Ein "Telekomhandy"  

Was ich aus deinem Post entnehmen kann ist dass du ein Samsung Handy hast, um welches Modell handelt es sich?


----------



## Windows0.1 (13. Januar 2012)

Samsung galaxy s plus


----------



## Lan_Party (13. Januar 2012)

Schlies dein Handy mal am PC an und starte Samsung kies. Die Software sucht nach neuen Updates und installiert sie dann.


----------



## Windows0.1 (13. Januar 2012)

Kies zeigt an das meine die neuste ist     ich weis aber das 2.3.6 die neuste ist


----------



## Lan_Party (13. Januar 2012)

Die neuste ist doch 2.3.4 oder irre ich mich?
4.0 ist für die anderen Modelle gedacht.


----------



## Windows0.1 (13. Januar 2012)

nein die neueste ist 2.3.6


----------



## Lan_Party (13. Januar 2012)

Dann ist die Version nicht für dein Handy freigegeben. Da hilft nurnoch rooten.


----------



## Iceananas (14. Januar 2012)

Ja wenn dein Handy ein Telekom Branding hat, dann bekommst du dein Update später (frag nicht warum, ist einfach so )
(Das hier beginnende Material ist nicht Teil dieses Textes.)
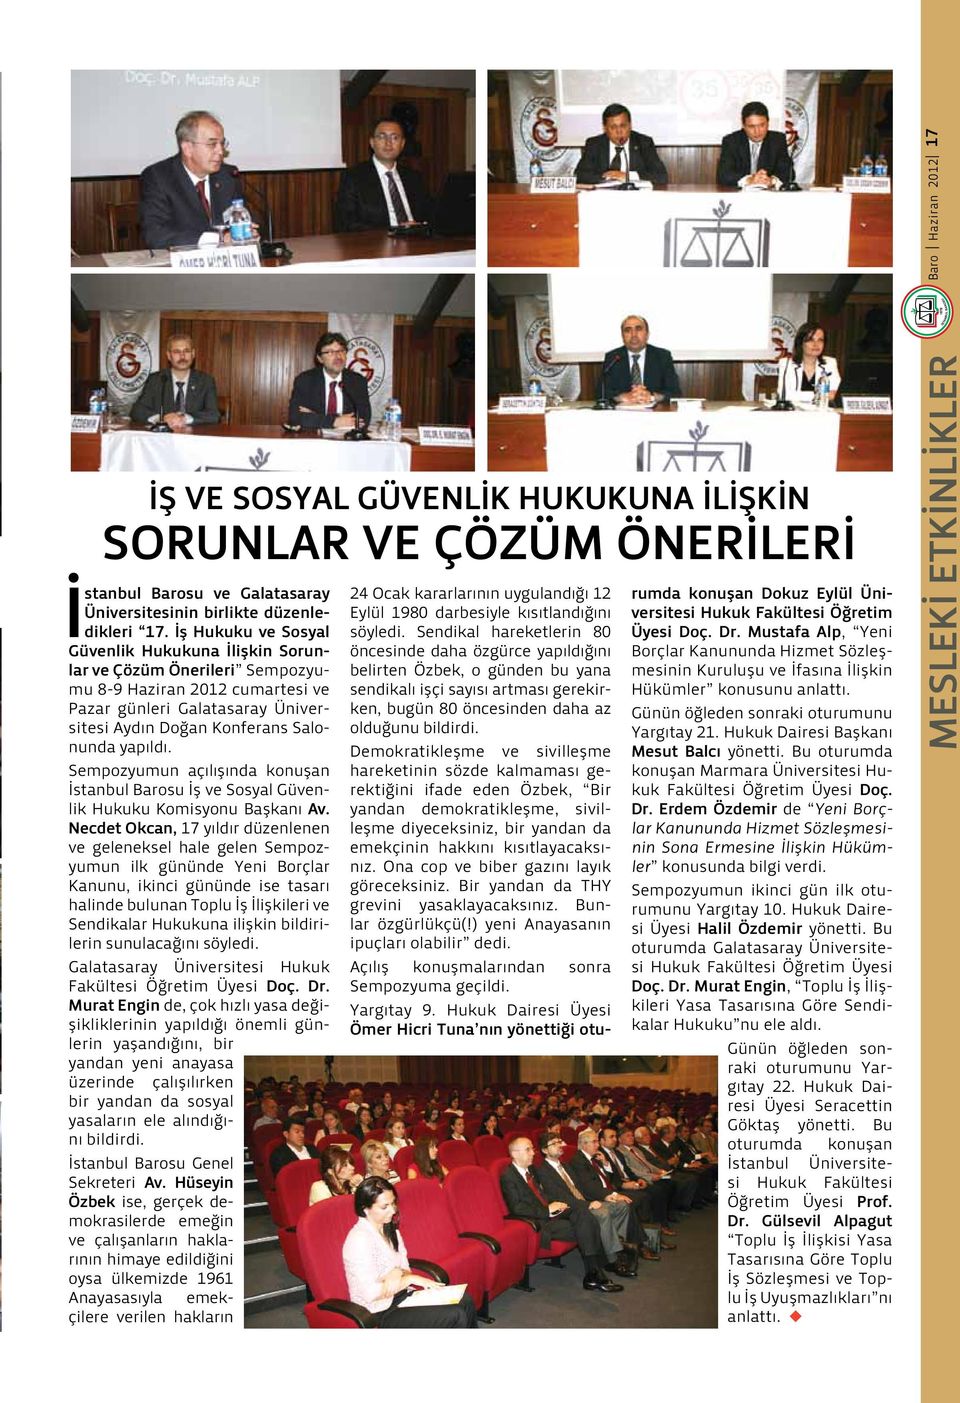 Sempozyumun açılışında konuşan İstanbul Barosu İş ve Sosyal Güvenlik Hukuku Komisyonu Başkanı Av.

außerdem bringt 2.3.6 so ziemlich keine vorteile, von daher ist es eh nicht wild.


----------



## Windows0.1 (14. Januar 2012)

Ja und wie bekomm ich dann das update

wen ich es nicht mit dem handy oder kies runterladen kann?


----------



## Seeefe (14. Januar 2012)

Dann mussts flashen. 



> außerdem bringt 2.3.6 so ziemlich keine vorteile, von daher ist es eh nicht wild.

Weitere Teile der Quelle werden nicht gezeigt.